• _YOUR INSTRUCTIONS_:
Every line of the listing is returned unchanged, and every picture is dropped.

• _RAW DATA_:
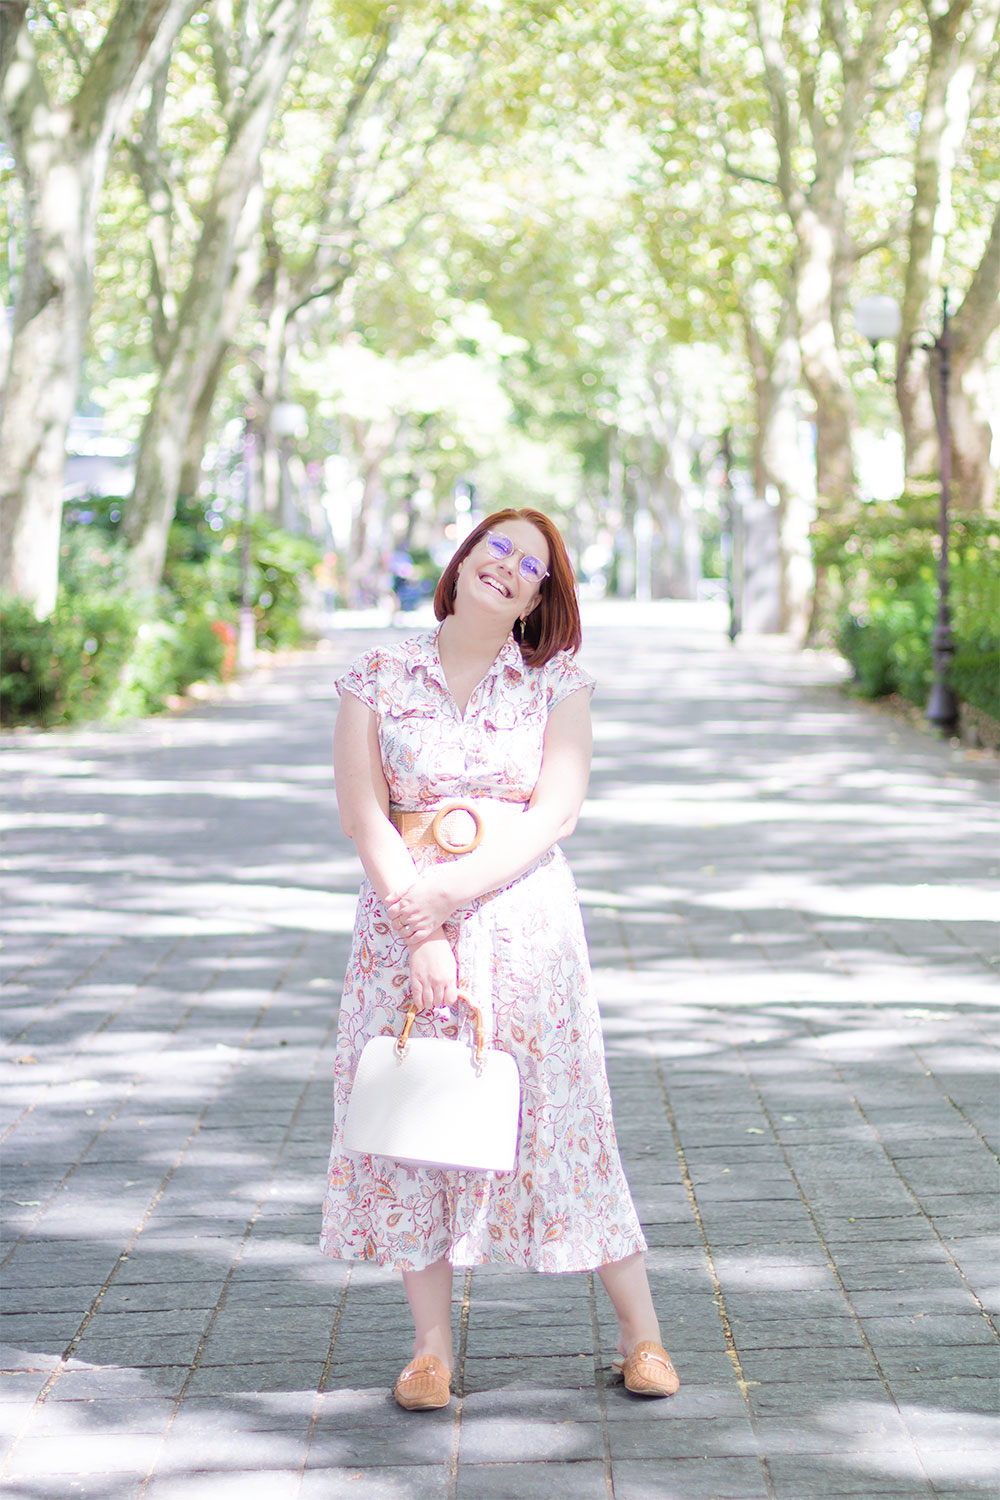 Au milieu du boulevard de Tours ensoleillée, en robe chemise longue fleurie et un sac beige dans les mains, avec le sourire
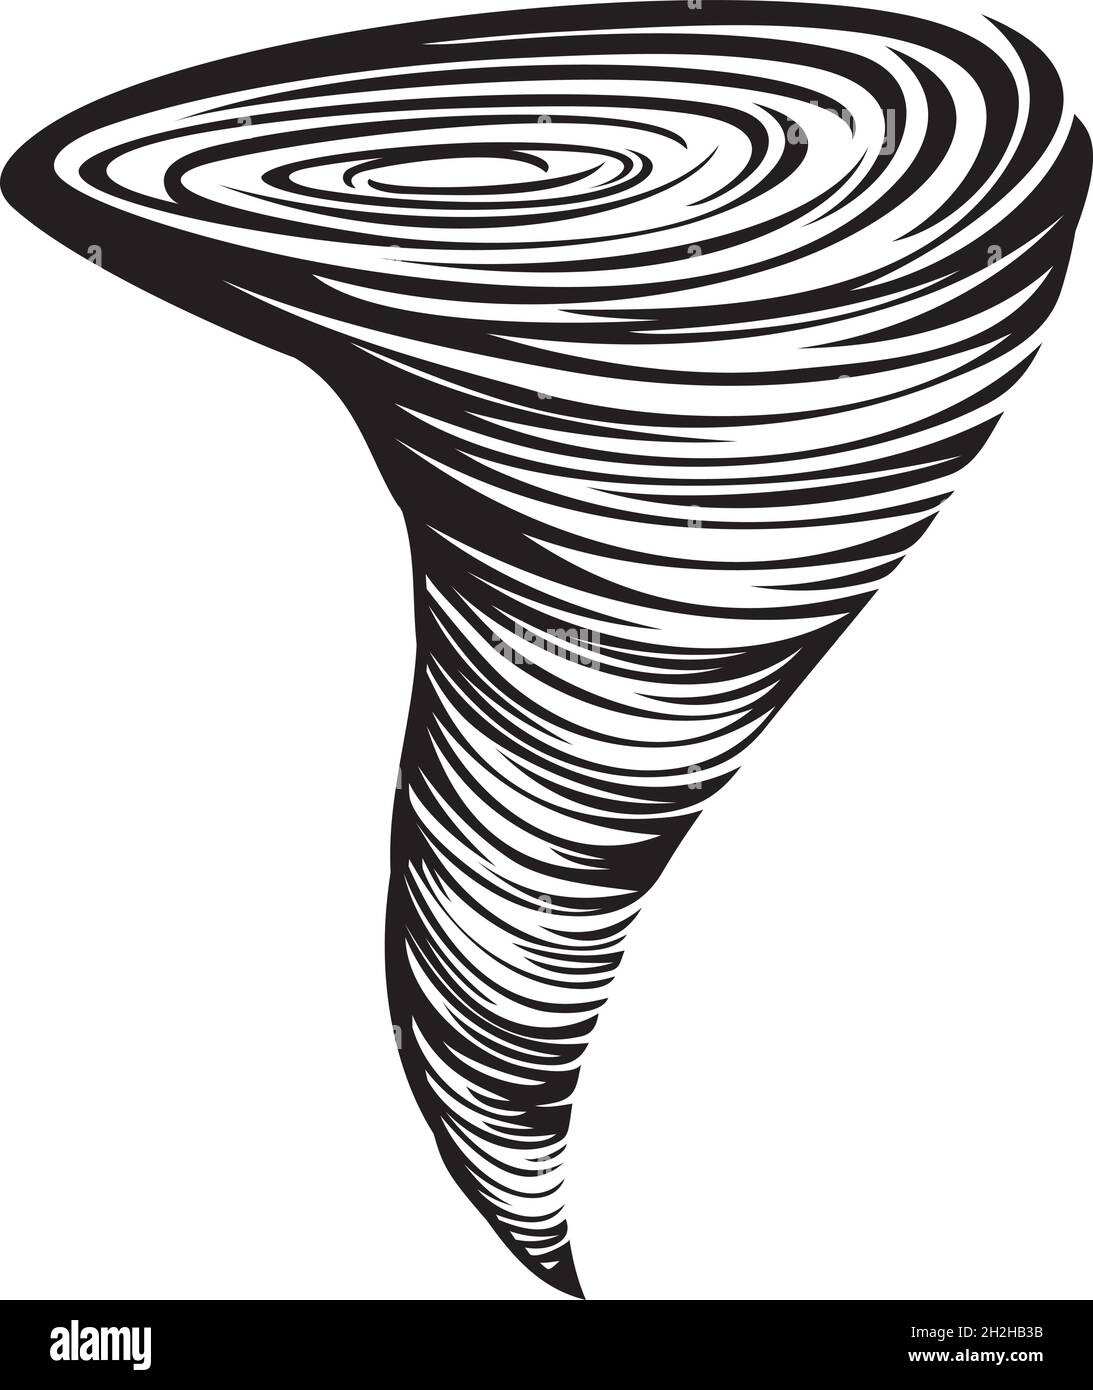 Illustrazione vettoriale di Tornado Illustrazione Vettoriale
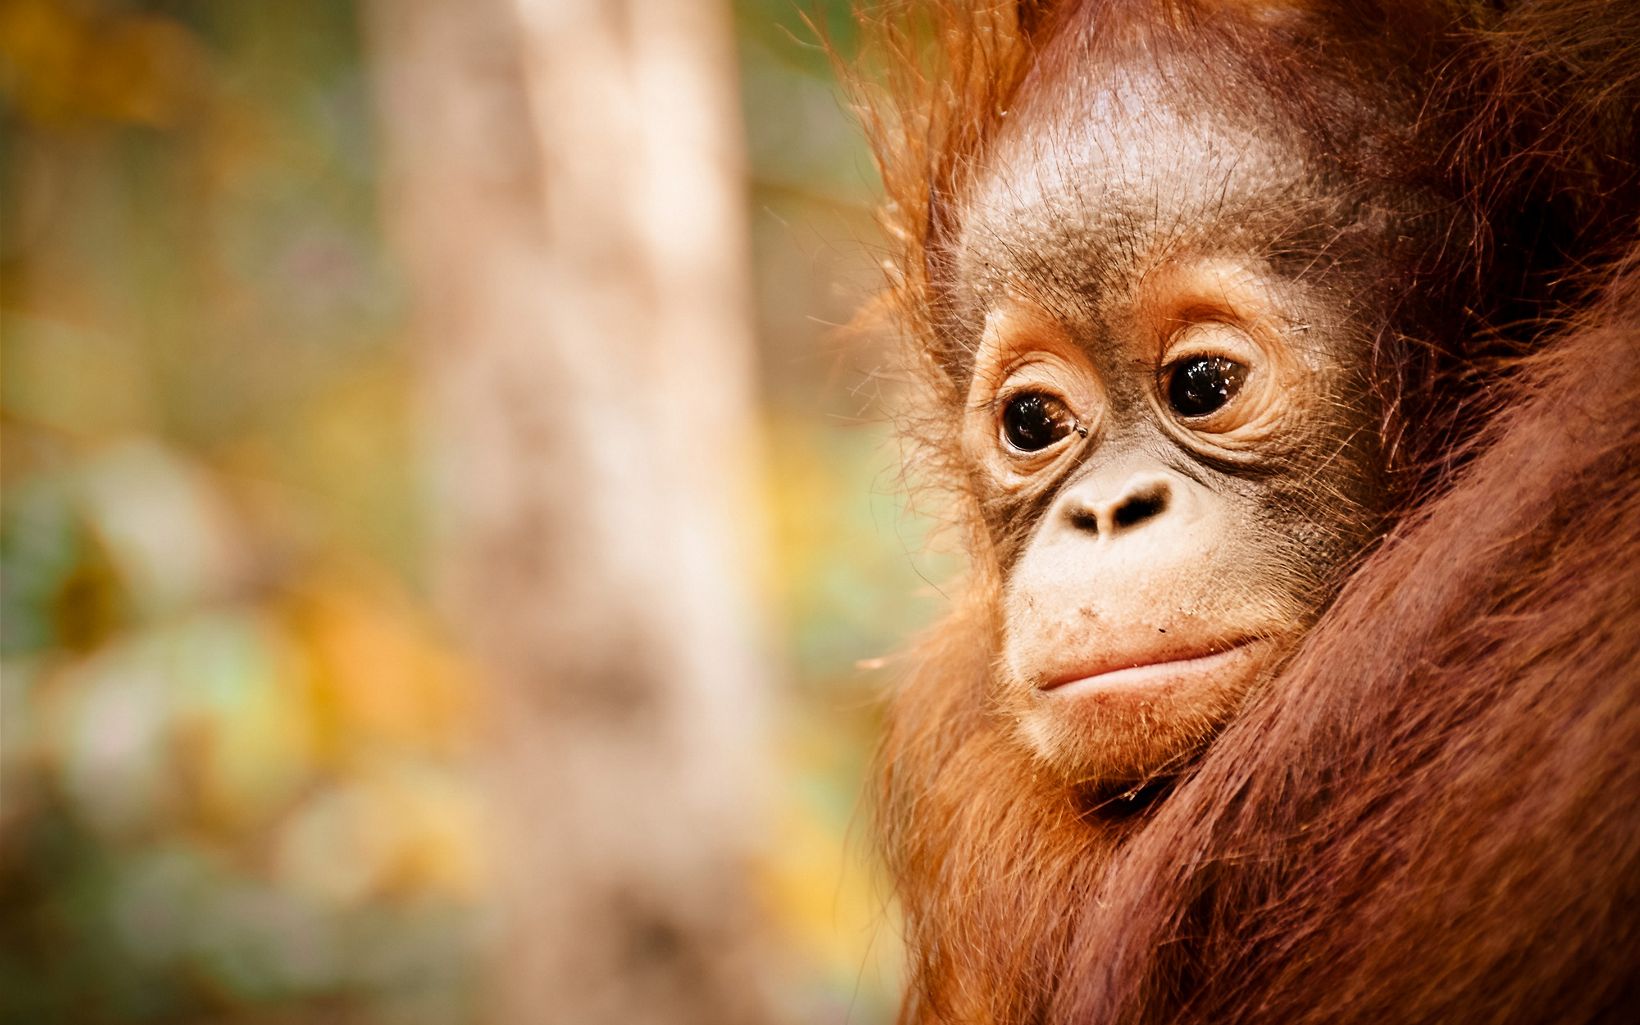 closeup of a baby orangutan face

• _ANSWER BELOW_:
 Au milieu du boulevard de Tours ensoleillée, en robe chemise longue fleurie et un sac beige dans les mains, avec le sourire
 Illustrazione vettoriale di Tornado Illustrazione Vettoriale
 closeup of a baby orangutan face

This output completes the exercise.